**TASK PROMPT**
Restate the listing below word for word, and leave its pictures behind.

═════ EXERCISE DATA ═════

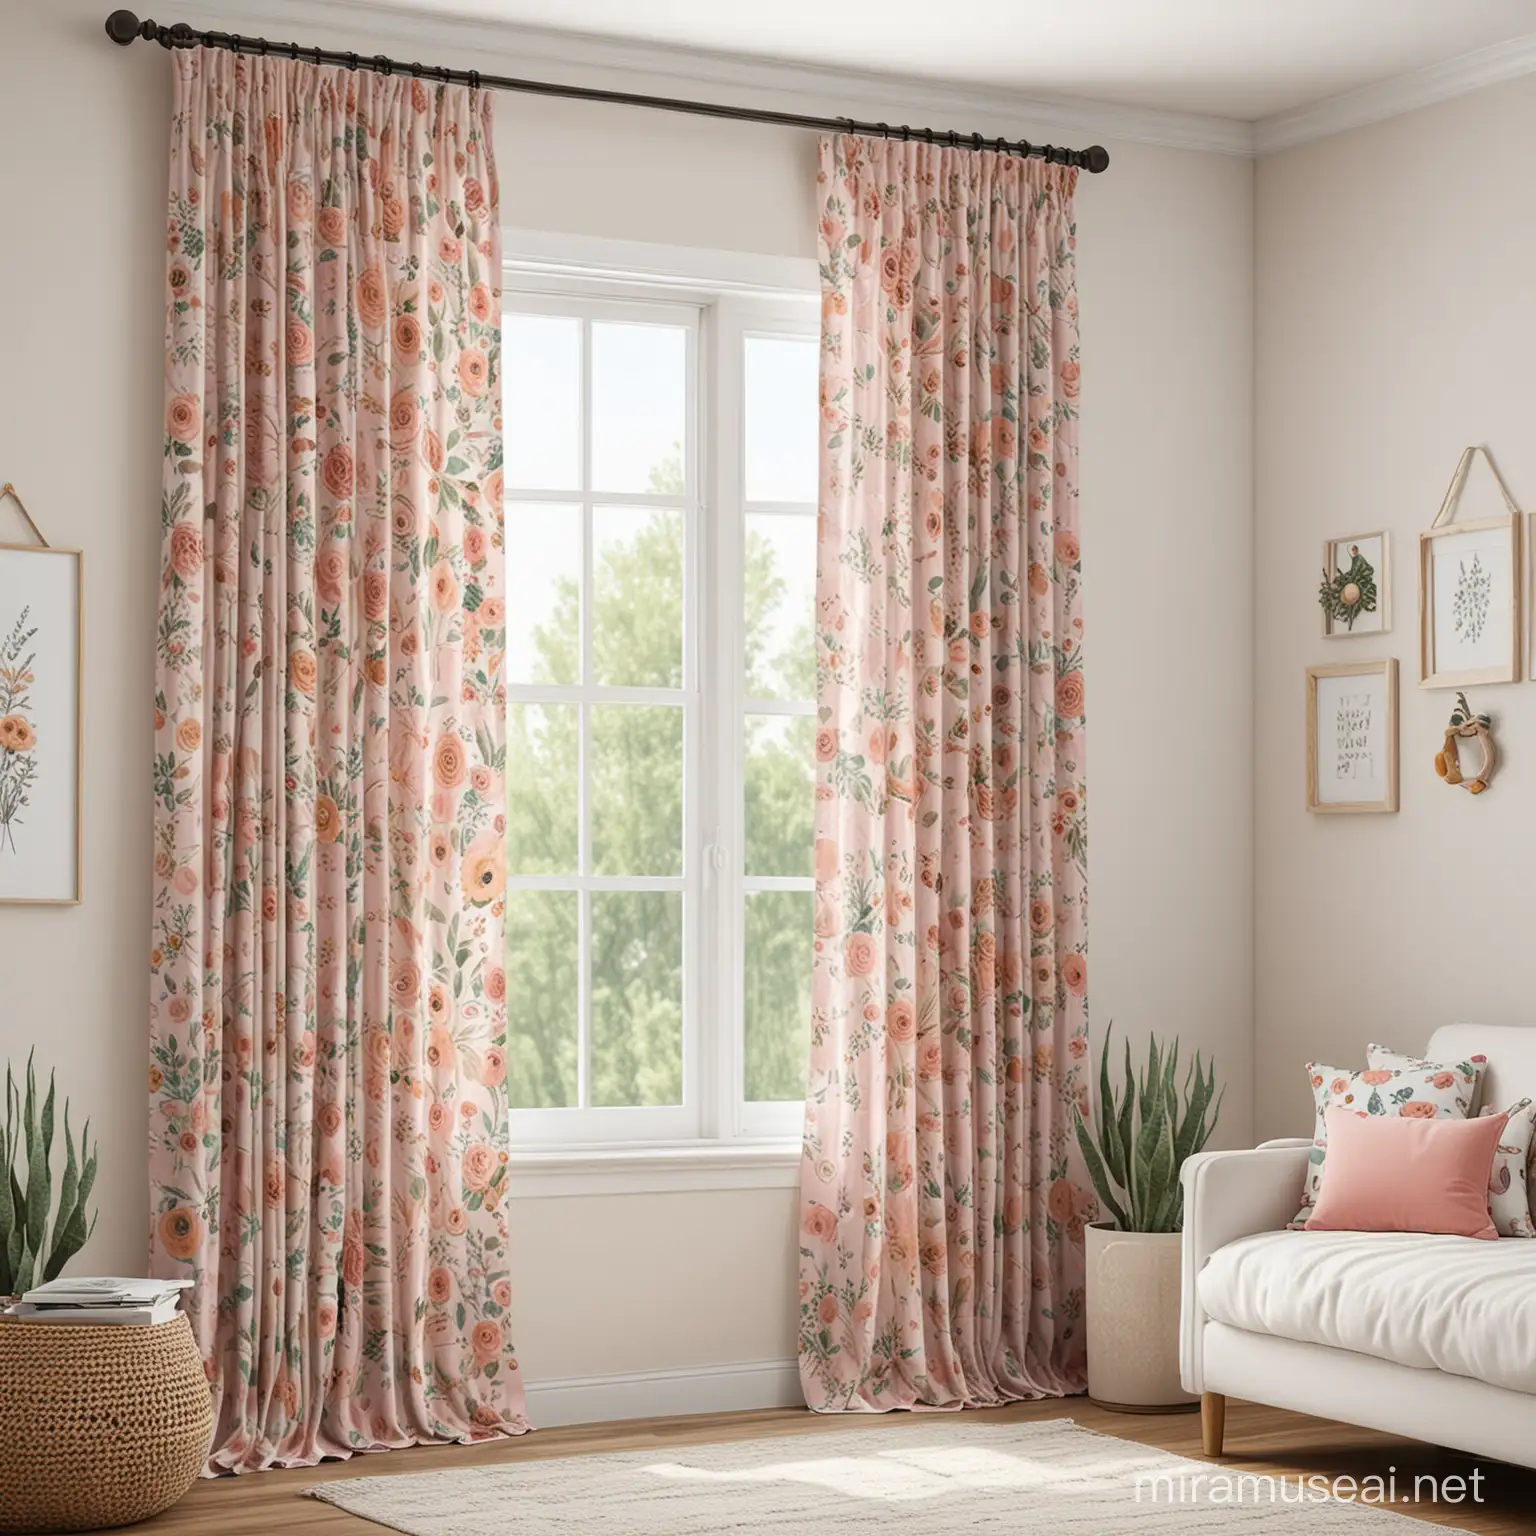 realistic image of a boho style girls nursery full length window curtains for a mockup
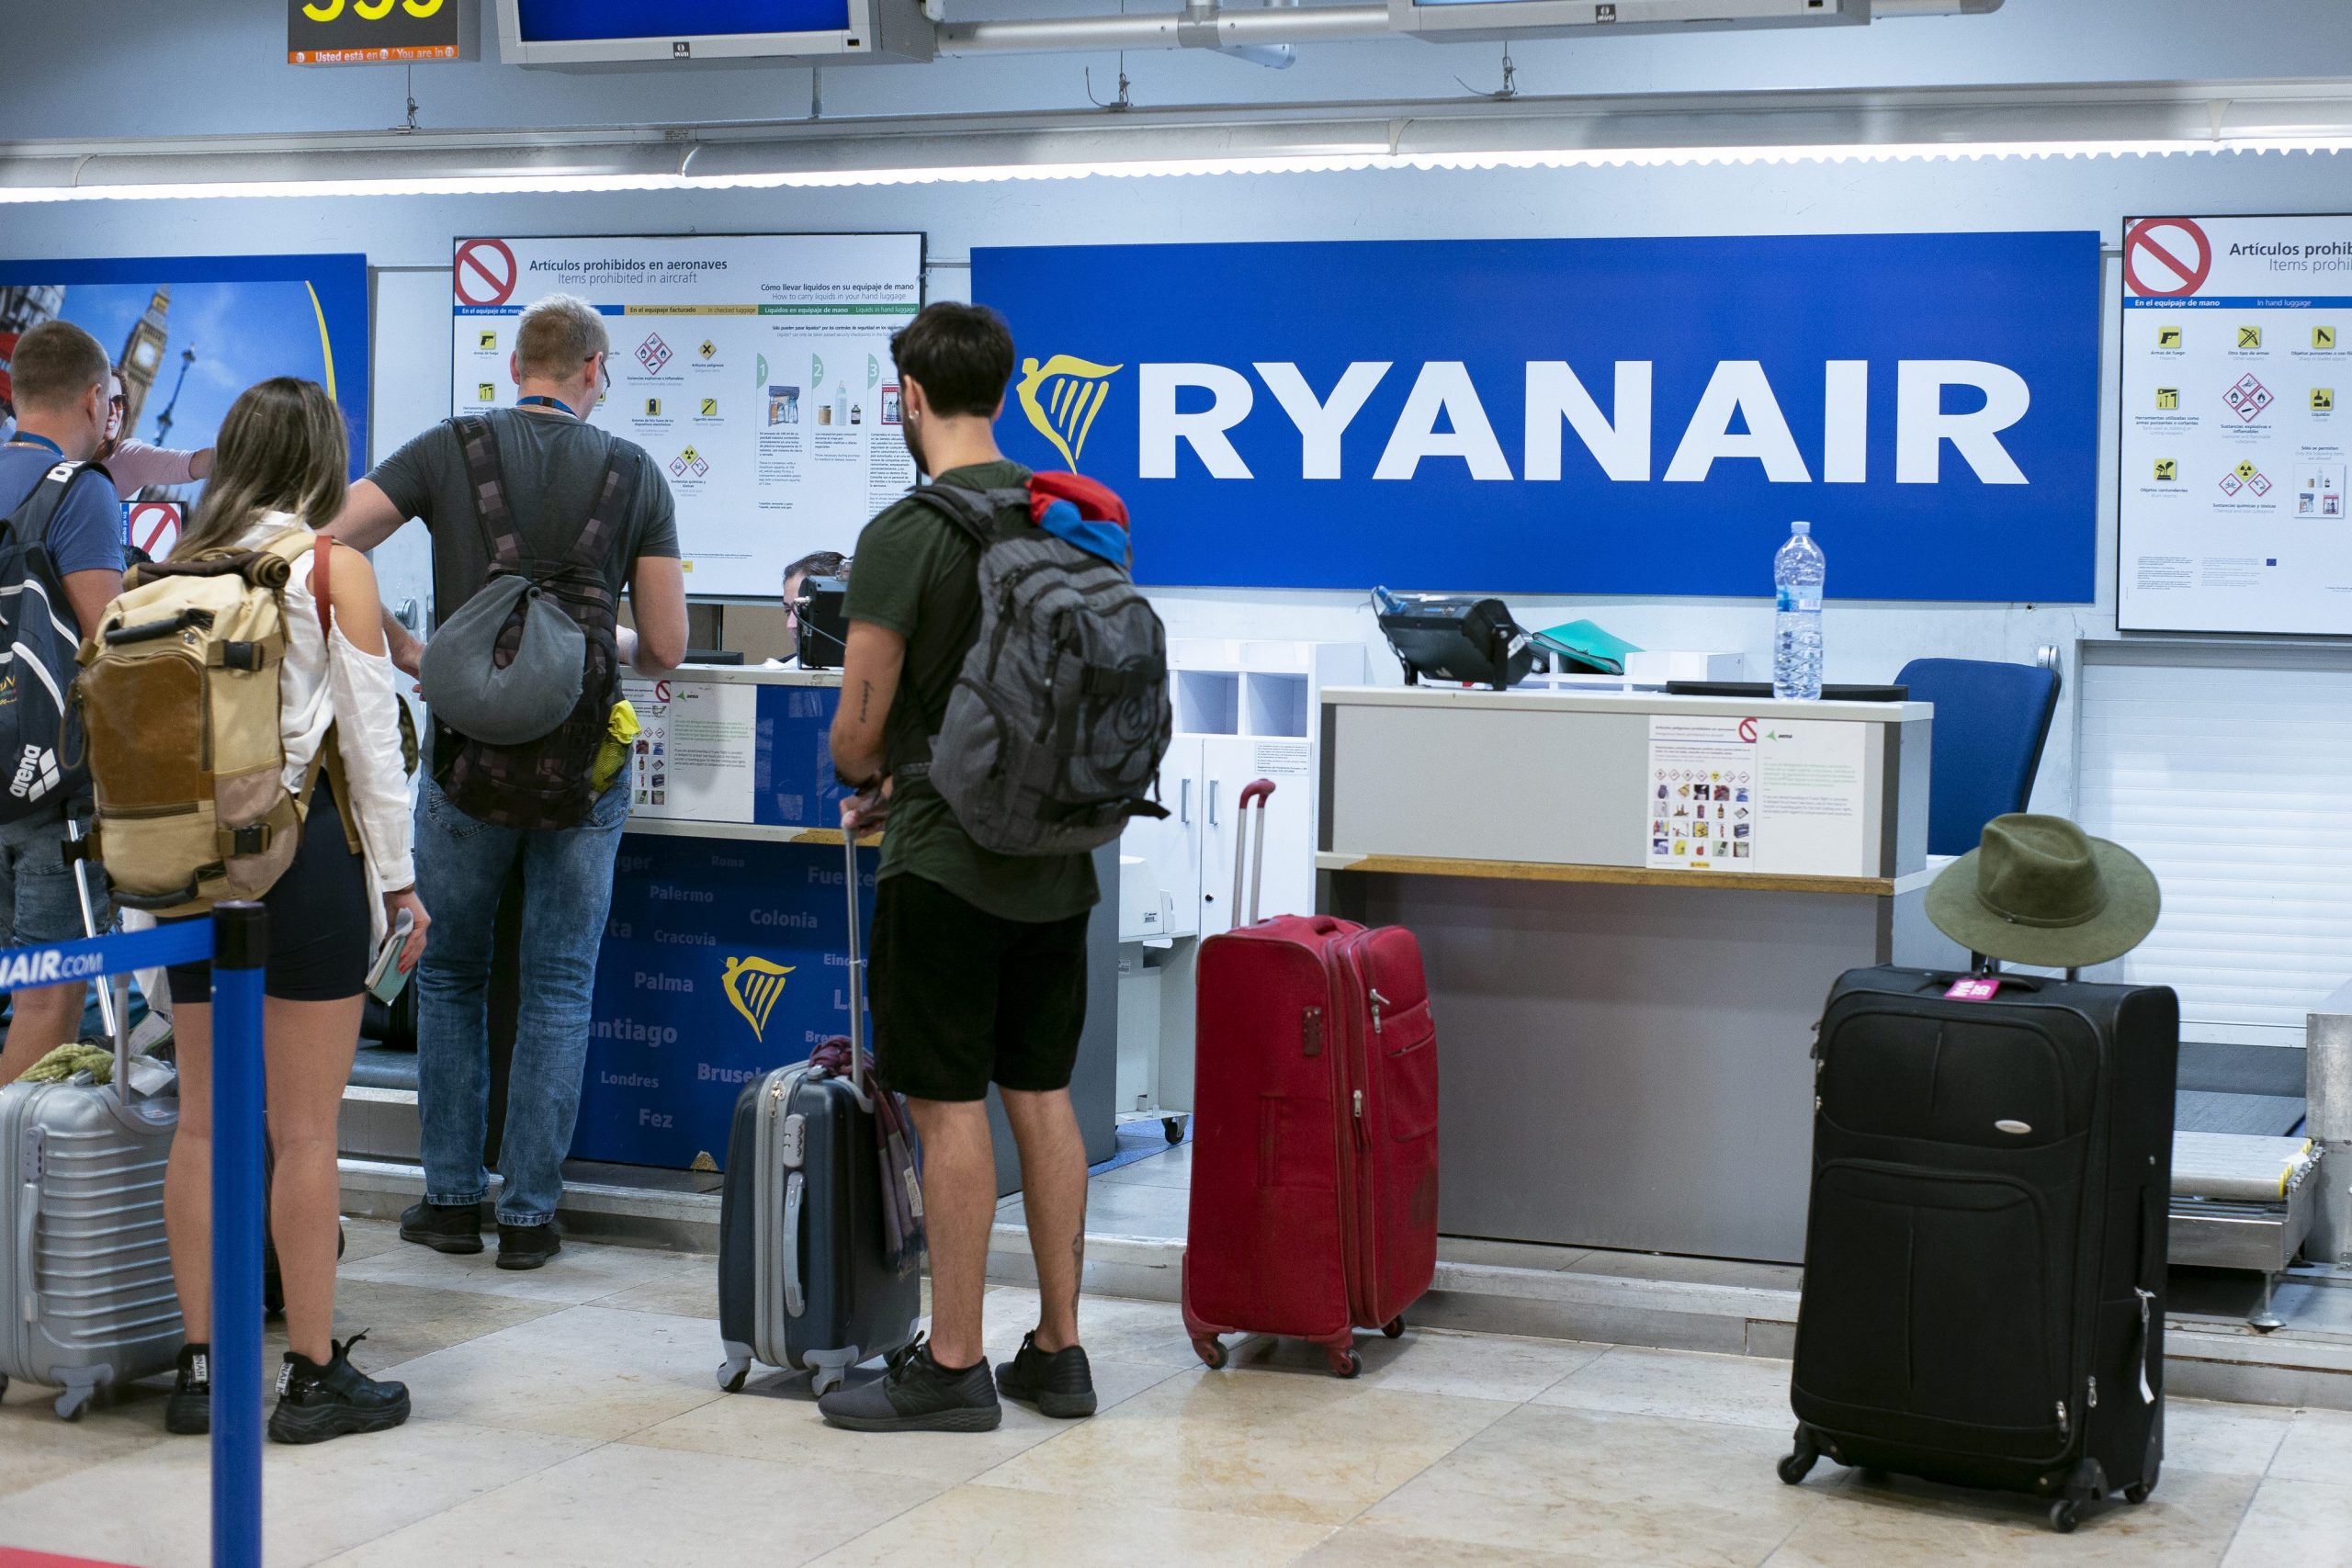 Ryanair summer holiday flights threat as unions in Spain and Europe plan strikes
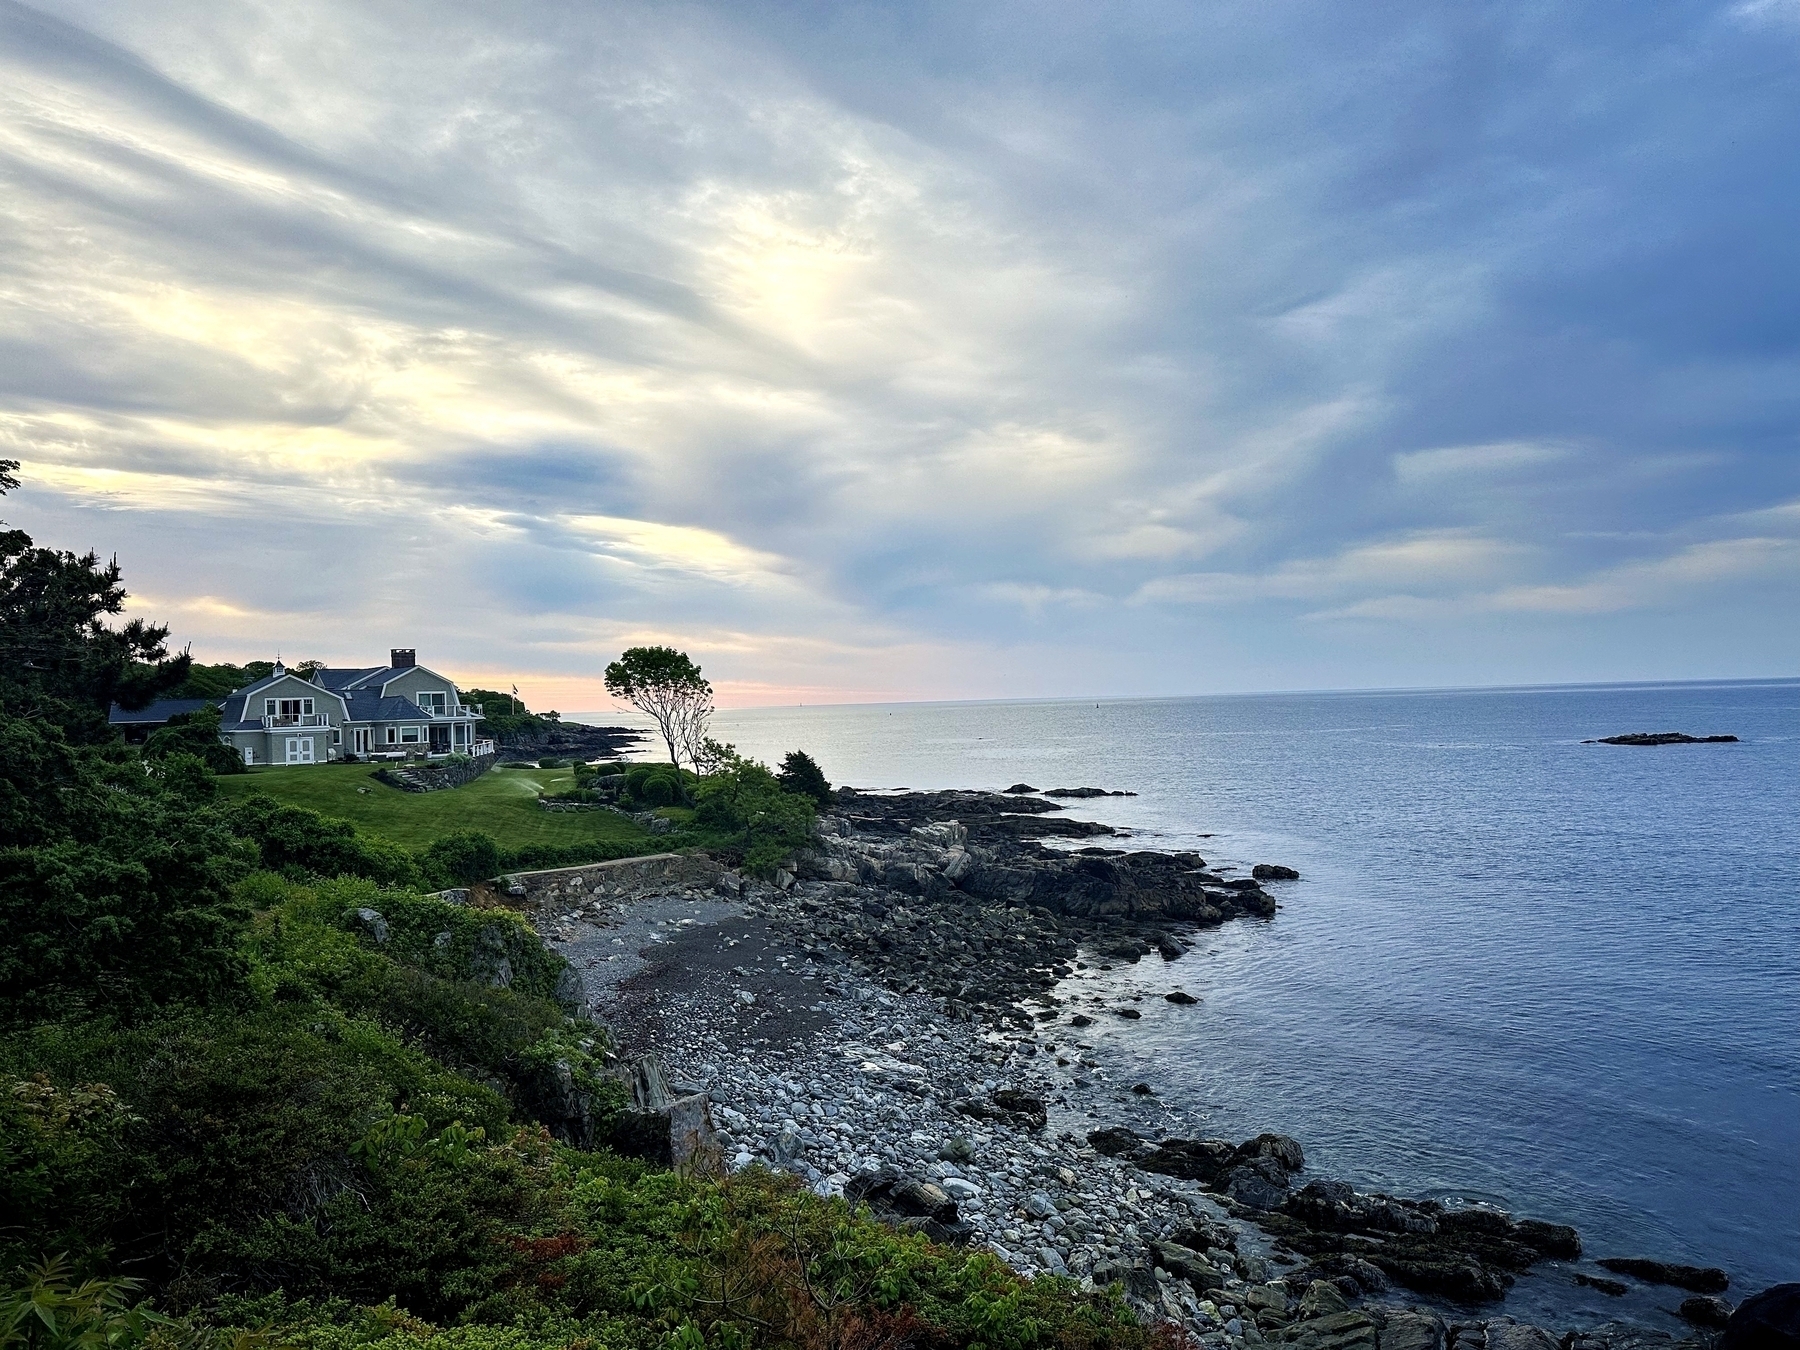 A house overlooks a rocky shoreline beside a calm ocean under a partly cloudy sky with blue and white hues.

═════

**ANSWER TO THE EXERCISE**
 realistic image of a boho style girls nursery full length window curtains for a mockup
 Ryanair summer holiday flights threat as unions in Spain and Europe plan strikes
 A house overlooks a rocky shoreline beside a calm ocean under a partly cloudy sky with blue and white hues.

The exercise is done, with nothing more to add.